Глава 11

Дейн

Реми вылезает из своего грузовика, она выглядит сонной и надутой. Я ожидал это, а может, и чего-то похуже, поэтому жду на тенистом крыльце, потягивая джин.

— Мне понадобится немного этого, — говорит она в качестве приветствия.

Я уже принес для нее бокал, не то чтобы она заметила. У бедной Реми была беспокойная ночь.

Я наливаю ей двойную порцию, растирая лайм по краям.

— Спасибо, — Реми опрокидывает стакан и вытирает рот рукой. У нее до смешного практичный подход к делу, как будто она забывает, что другие люди могут ее видеть.

Сегодня на ней джинсы, в которых дыр больше, чем самой ткани. Участки ее голых коричневых ног просвечивают сквозь рваную джинсовую ткань.

Реми по-своему умеет выражать эмоции.

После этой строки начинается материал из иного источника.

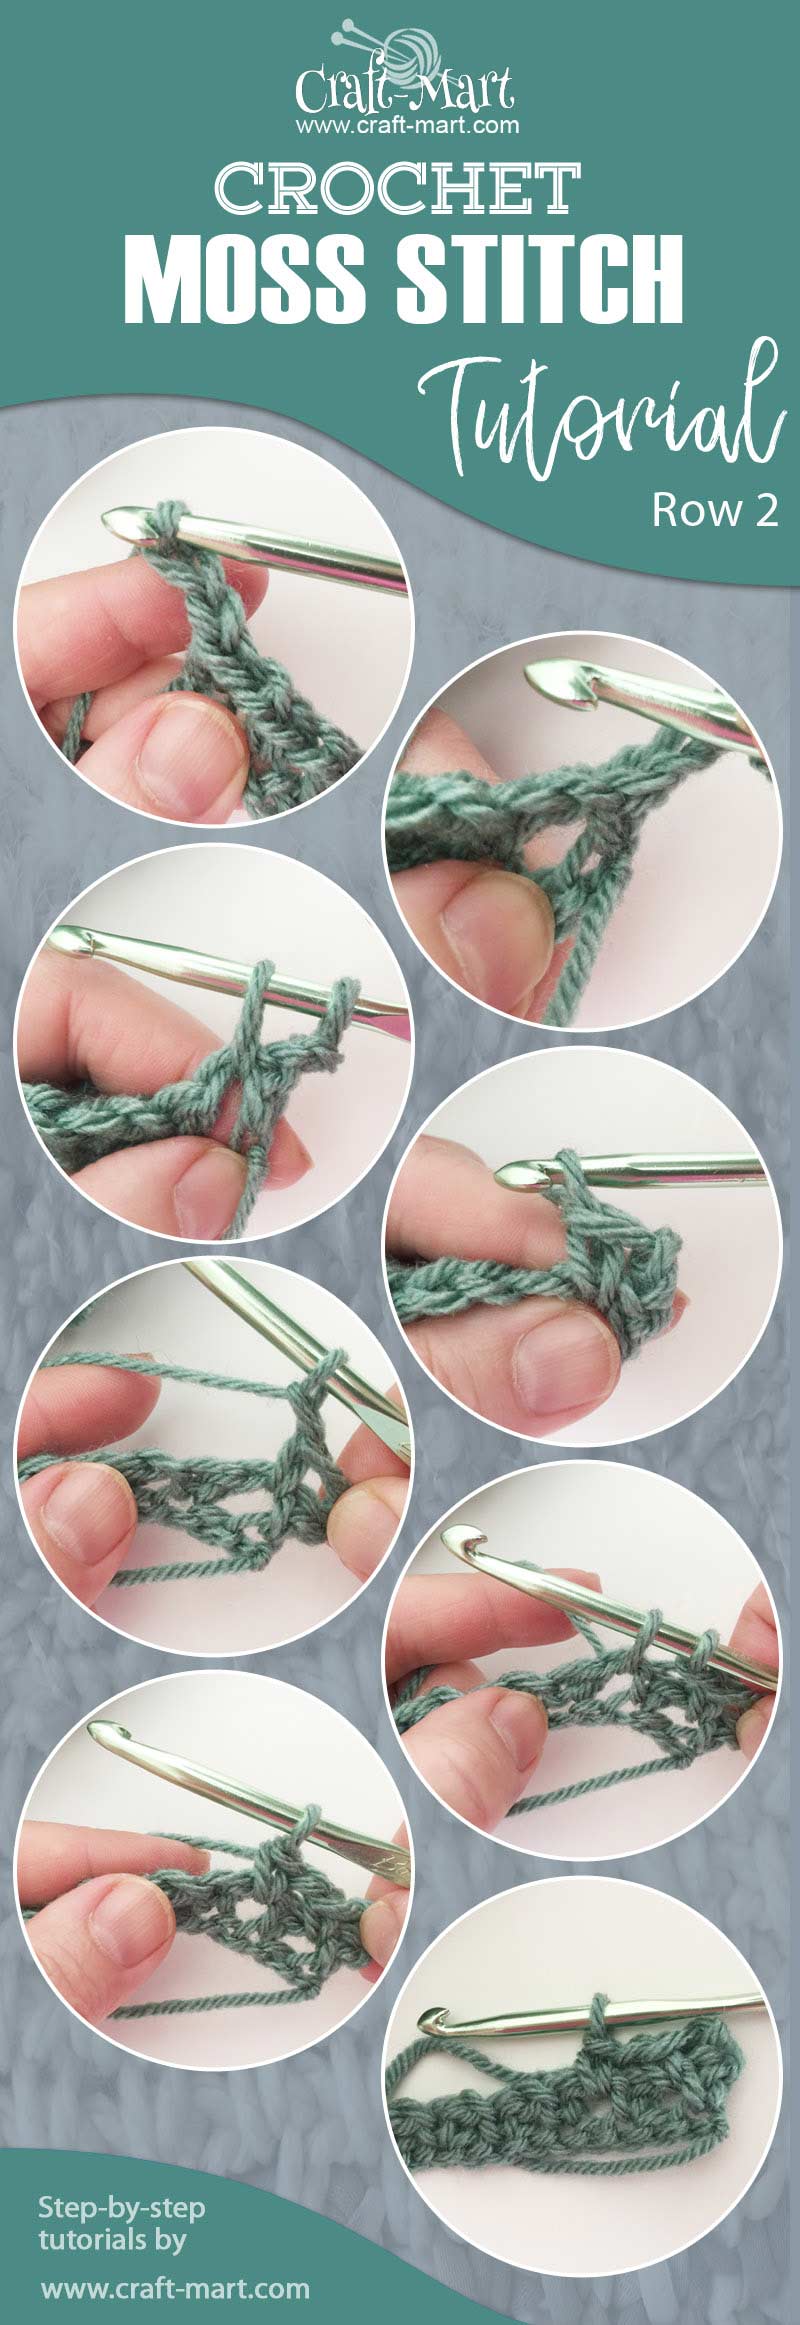 how to crochet a blanket - moss stitch tutorial row 2

Темные круги под глазами и угрюмый взгляд выглядят на ней довольно сексуально — ее черные брови низко нависают, а нижняя губа надута.

— Ты выглядишь усталой.

— Я устала.

— Тяжелая ночь?

Она бросает на меня подозрительный взгляд поверх края своего бокала. Она уже выпила джин, но кладет в рот немного льда и катает его по языку. Это сексуально, и она знает, что это сексуально.

Я скрещиваю руки на груди, прислоняюсь к дверному косяку и смотрю прямо на нее. Если она думает, что сможет победить мое бесстрастное лицо, значит, ей снятся сны похуже, чем прошлой ночью.

Я наблюдал, как она металась и стонала на кровати больше часа…

Что мучило ее во сне?

Что она видела, когда уставилась на меня и закричала?

Она глотает лед, практически не сводя с меня глаз.

— Не хуже, чем обычно. Можно мне пописать?

— Прости?

— Могу я воспользоваться твоим домом, чтобы пописать?

Я действительно не могу понять, узнала она меня или нет.

Ее глаза были пустыми, но она смотрела прямо на меня…

Я знал, что это рискованно — забираться наверх, чтобы заглянуть к ней в окно. Но когда я увидел ее распростертой на кровати, запутавшуюся в простынях, одетую только в эту тонкую белую майку…

Она извивалась, словно запуталась в паутине, простыни обернулись вокруг ее ног, спина выгнулась дугой. Шел небольшой дождь, капли барабанили по стеклу, отбрасывая веснушчатые тени на ее кожу. Каждая быстрая вспышка молнии обесцвечивала ее белизну и превращала нижнее белье в ткань...

Я скорчился на дереве, медленно приподнимаясь на ветке, понимая, насколько это безумно, но не в силах сопротивляться ее телу, бьющемуся на кровати, ее груди торчали вверх...

Я посмотрел ей в лицо.

Ее глаза распахнулись, и она закричала…

— Заходи, — я стою в дверях, так что ей приходится задевать меня за грудь.

От этого легкого прикосновения нас обоих бросает в дрожь.

Реми поднимает взгляд, ее волосы щекочут мне подбородок. Наши взгляды встречаются, и она приподнимает подбородок, как будто угрожает мне... или провоцирует меня снова поцеловать ее.

Я долго смотрю на ее рот.

— Ванная вон там, — я указываю.

Когда она закрывает дверь, она не утруждает себя включением воды или вентилятора, поэтому я слышу отчетливый звук ее горячей мочи, попадающей в унитаз. Мой член твердеет.

Скрип ее кроссовок по половицам заводит меня. Джинсы шуршат по ее ногам, когда она натягивает их, издавая невыразимо интимный звук.

Я проскальзываю обратно в гостиную, пока она моет руки. Она появляется снова, прижимая большой и указательный пальцы к внутренним уголкам глаз.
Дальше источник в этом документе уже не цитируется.